The fortified perimeter of the base was made of three defensive lines with bunkers, weapon installations and strong points. All fighting positions were scattered at various heights to block different approach routes to the base. A protection from air attack was provided by MANPADS, ZU-23-2 twin-barreled automatic cannons, ZPU 14.5mm anti-aircraft systems and DShK heavy machineguns. Units with Chinese-made recoilless rifles and a wide array of mortars were responsible for direct and indirect artillery support. In addition to this there was a tunnel system 15–20 meters below the earth surface, which could be used for hidden maneuver and evacuation. Some of the tunnels allegedly led to Iran.
The base garrison was manned by forces of prominent Afghan leader Ismail Khan.

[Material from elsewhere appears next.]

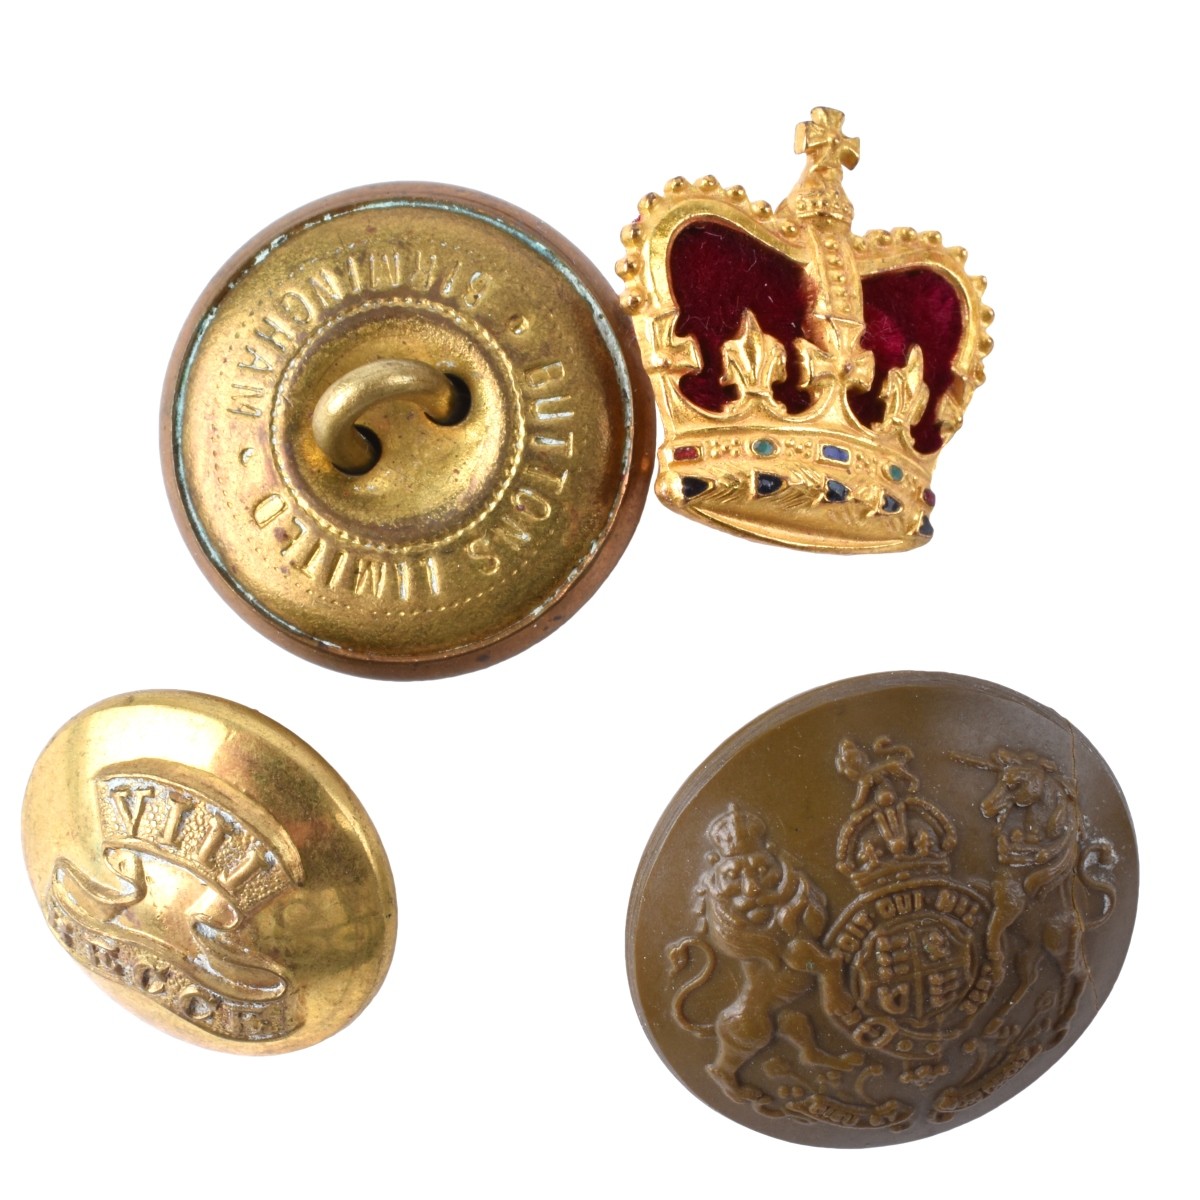 Old Military Buttons | Kodner Auctions

== Operation Trap and Capture of Kokari-Sharshari ==
In the second half of 1986, the Soviet command agreed with M. Najibullah, the President of Afghanistan, to defeat the Kokari-Sharshari enemy base, which played the same role in the north-west of Afghanistan as the Javara in the east. According to the calculations of the Soviet command, the destruction of the base would significantly weaken the opposition's pressure on Herat and would reduce its activity in the western regions of the country.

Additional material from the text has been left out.